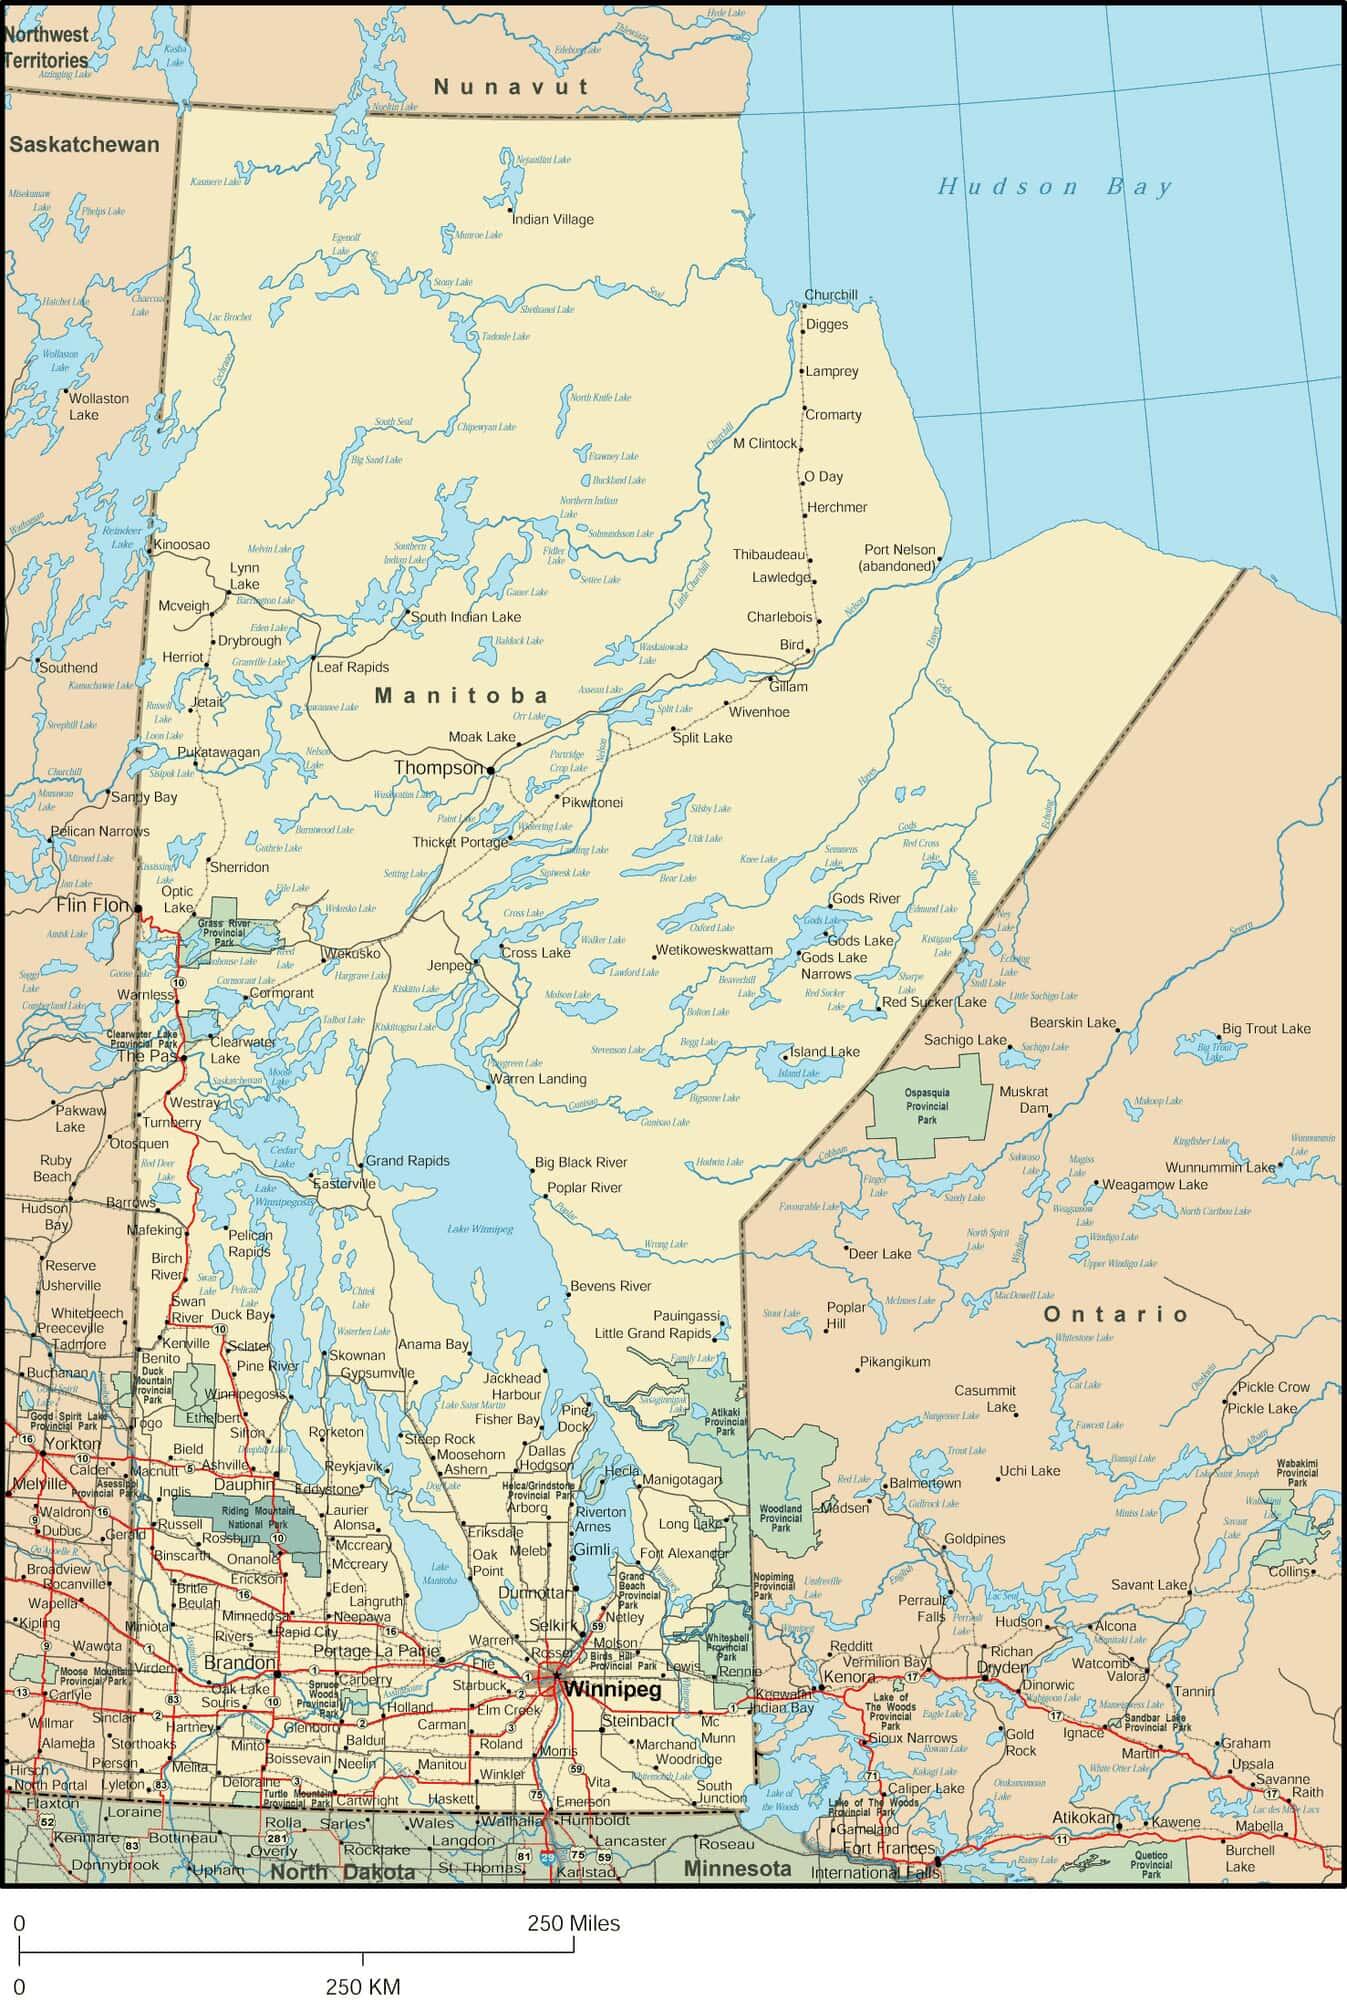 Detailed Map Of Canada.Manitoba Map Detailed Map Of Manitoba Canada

┄┄┄┄┄┄

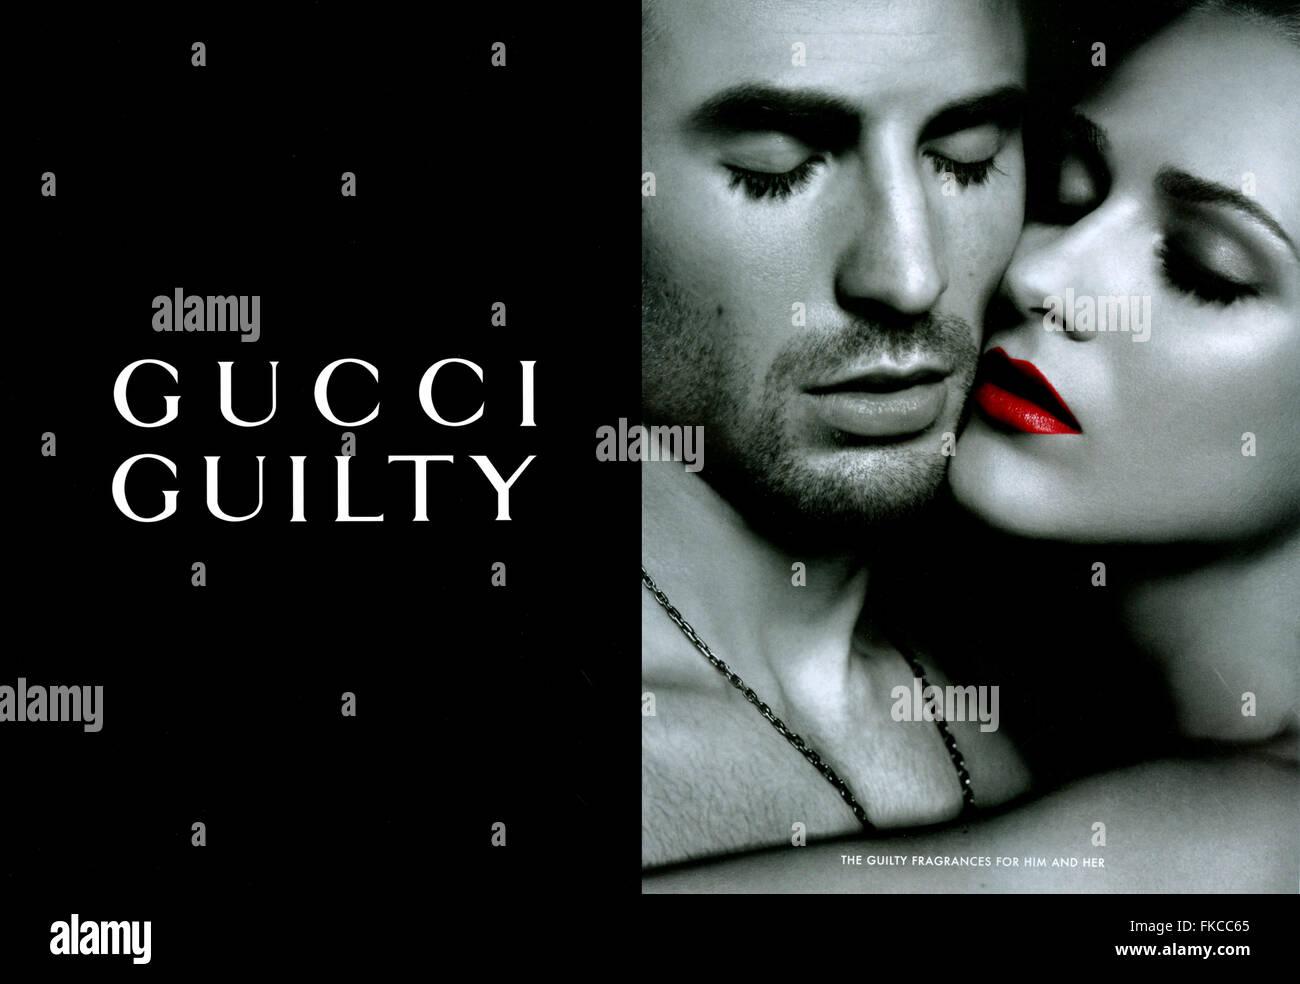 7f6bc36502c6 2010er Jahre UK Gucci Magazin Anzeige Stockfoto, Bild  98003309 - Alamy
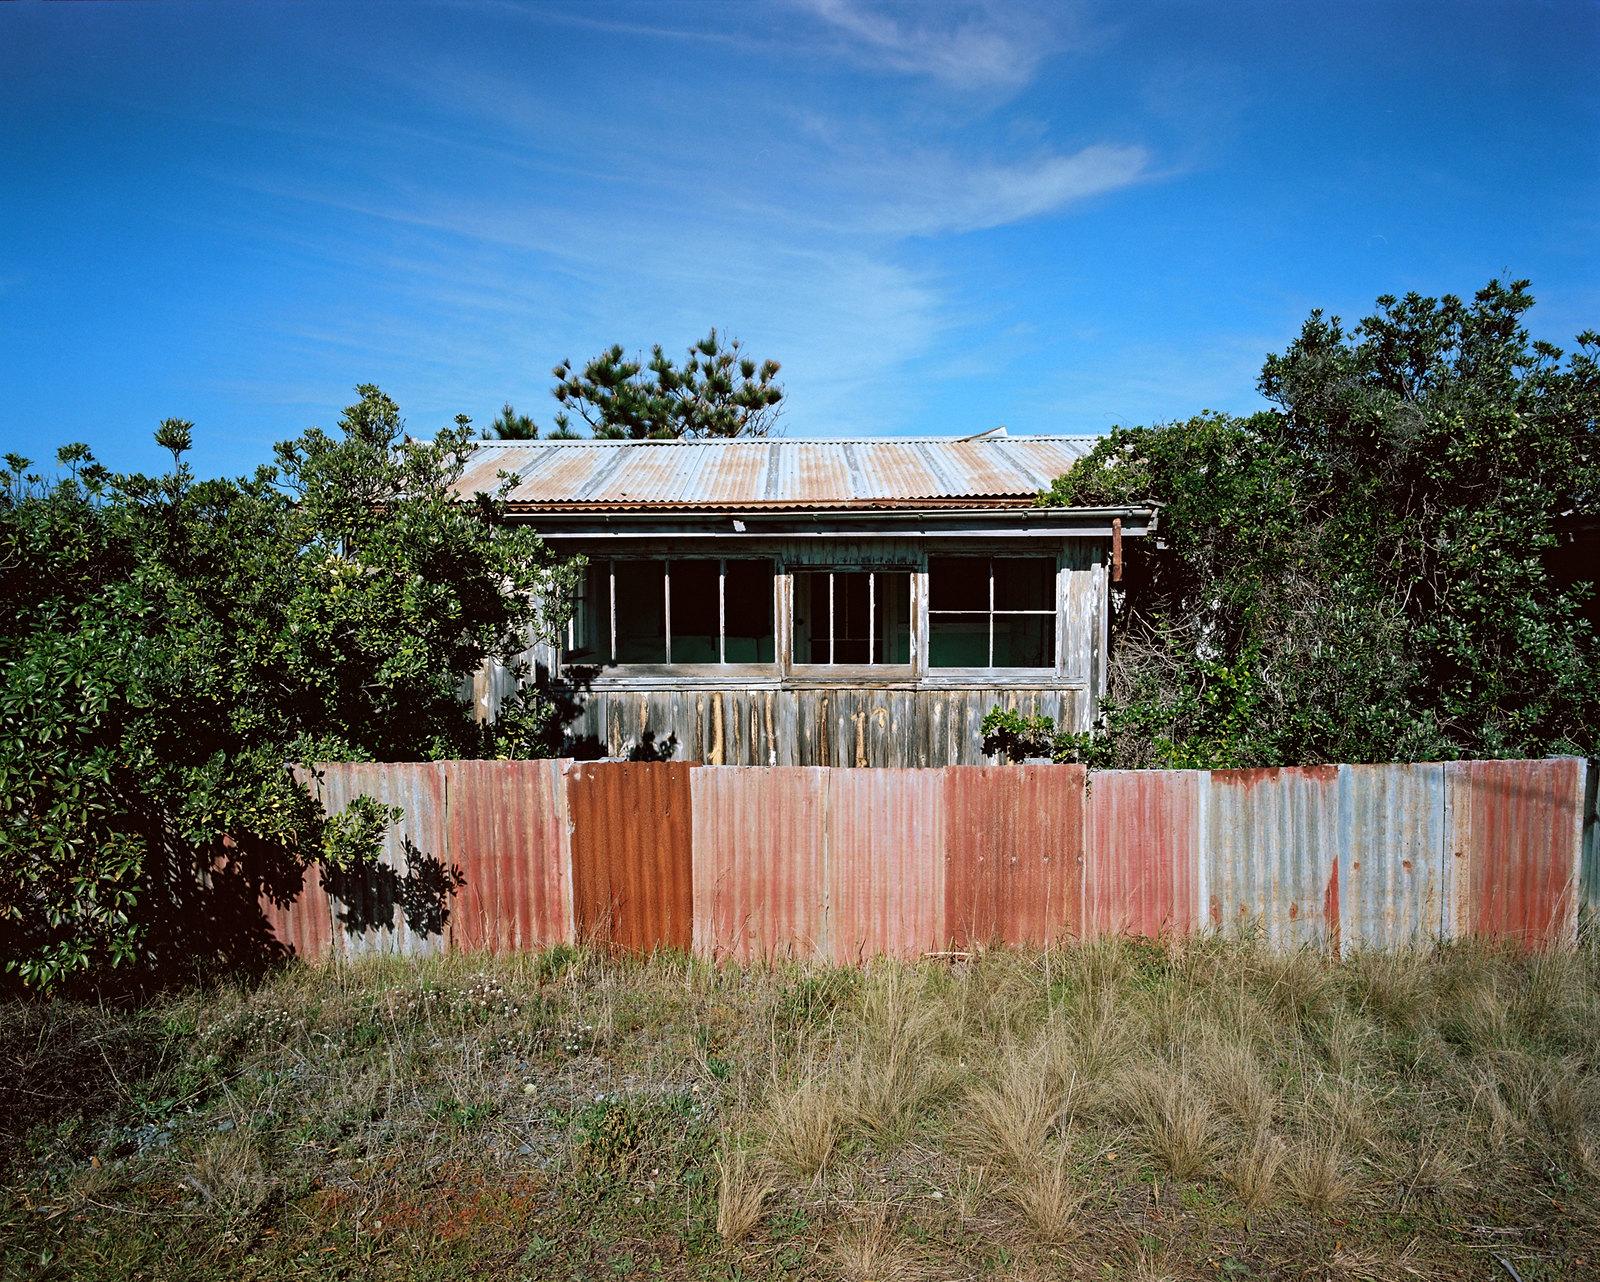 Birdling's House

┄┄┄┄┄┄

Directions
Could you transcribe exactly the entries above, but only the lines from the one with "7f6bc36502c6 2010er Jahre" through the one with "Birdling's House", and without pictures?

Written answer
 7f6bc36502c6 2010er Jahre UK Gucci Magazin Anzeige Stockfoto, Bild  98003309 - Alamy
 Birdling's House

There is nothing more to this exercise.